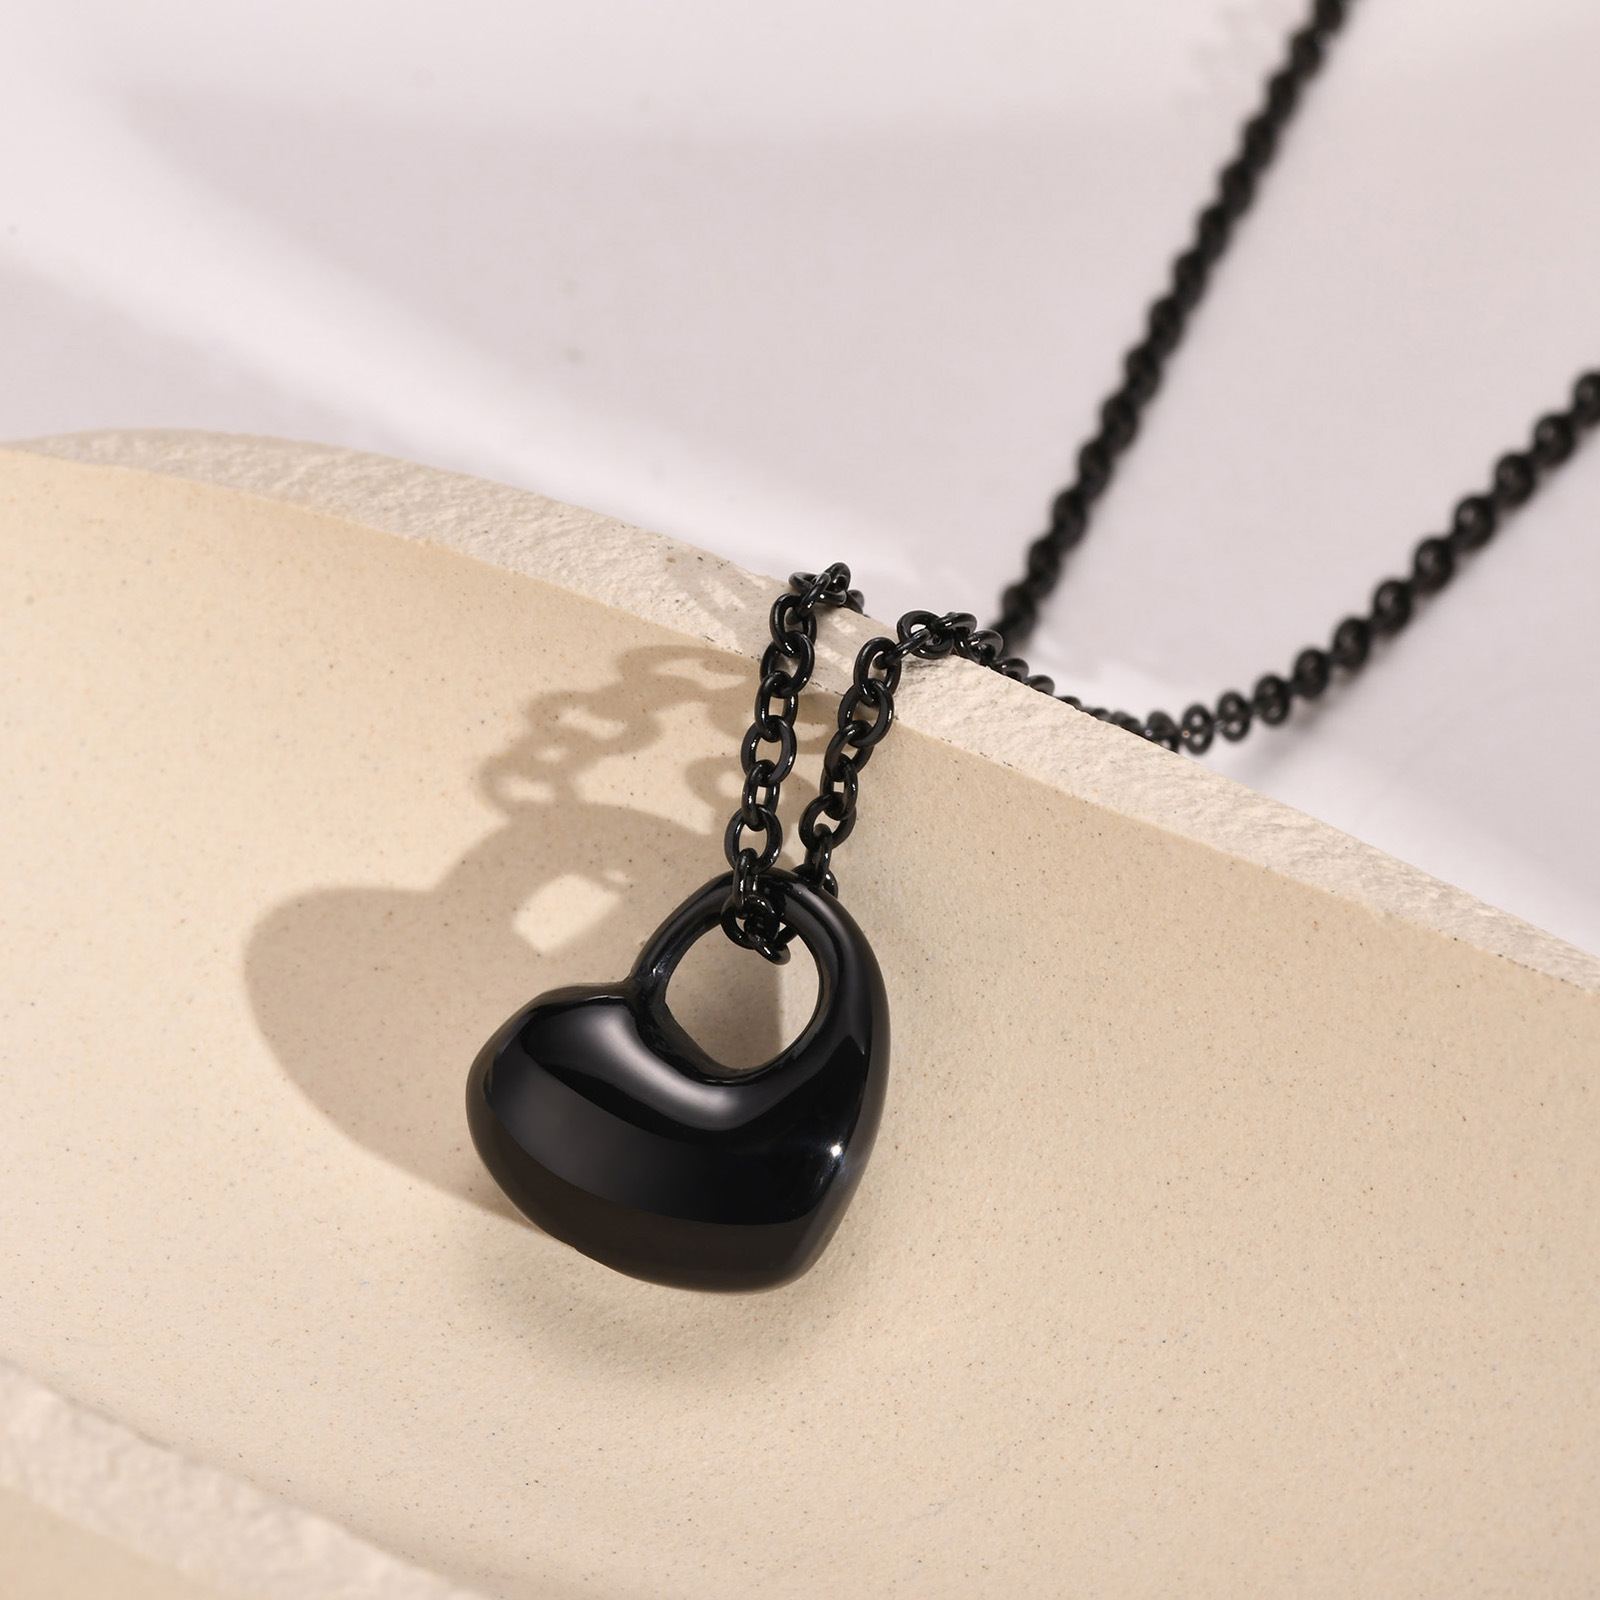 1:black pendant
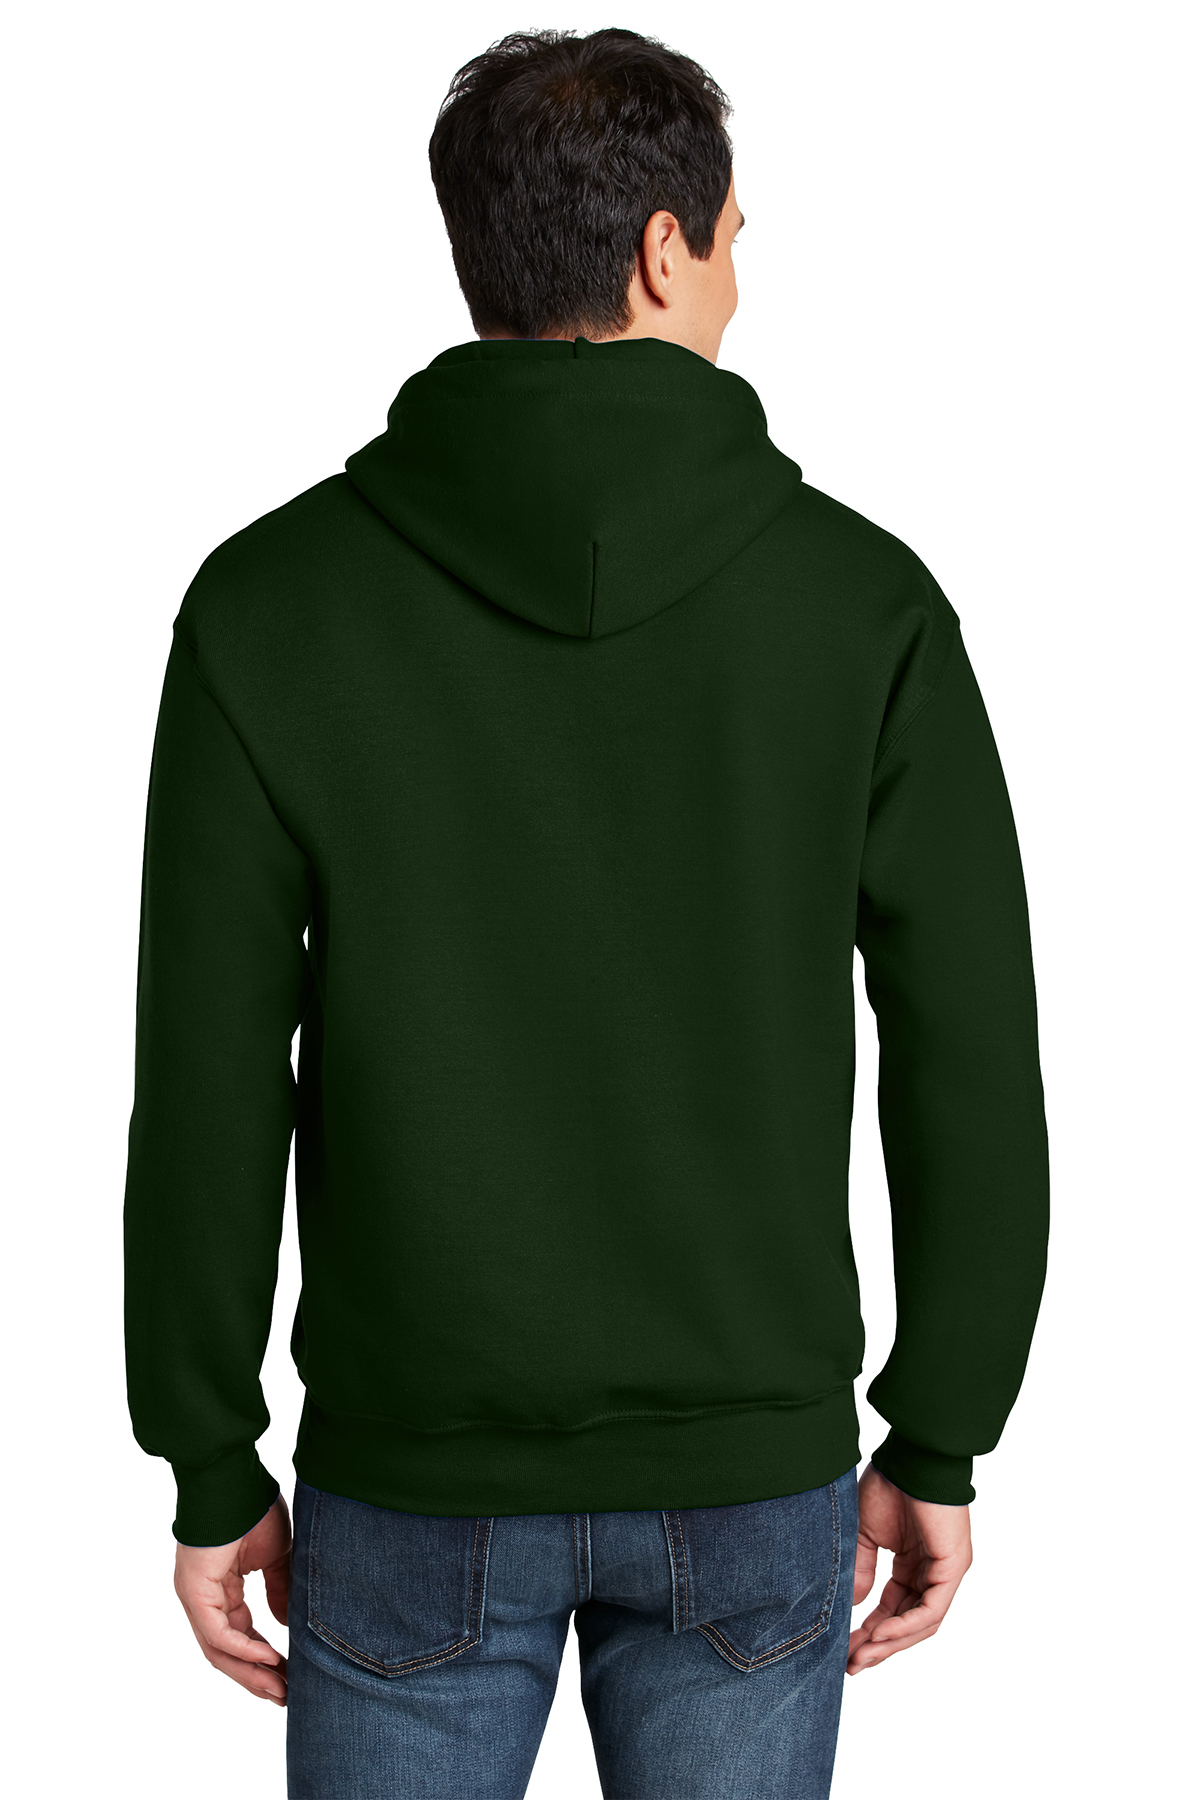 Casuals | - Company DryBlend Sweatshirt Pullover Hooded Gildan Product |
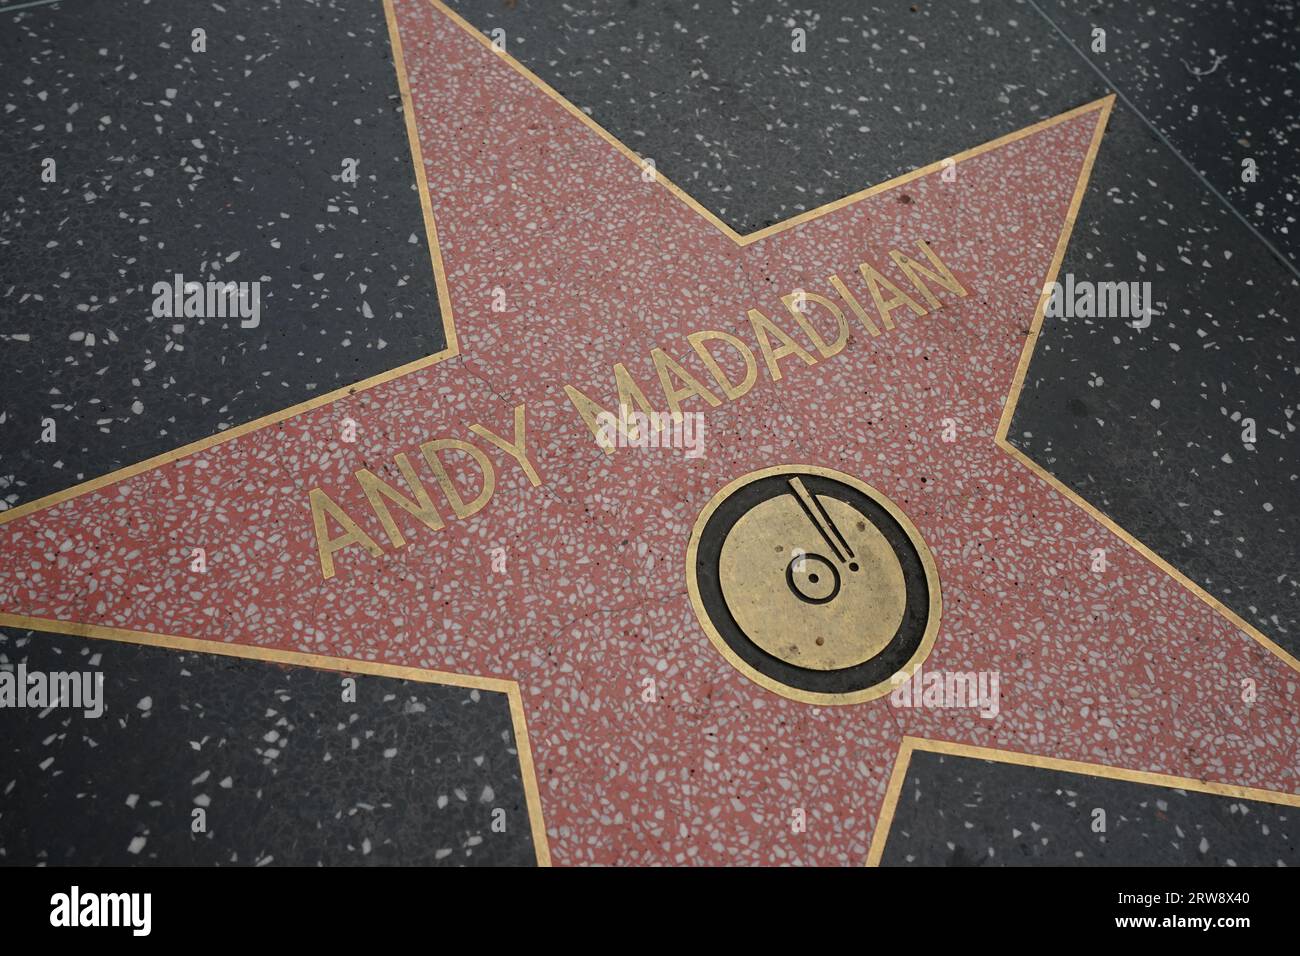 Andy Madadian Hollywood Walk of Fame Star Stockfoto

Work to be completed: Every line above should be duplicated exactly; the pictures are to be left out.

Response below:
 1:black pendant
 Casuals | - Company DryBlend Sweatshirt Pullover Hooded Gildan Product |
 Andy Madadian Hollywood Walk of Fame Star Stockfoto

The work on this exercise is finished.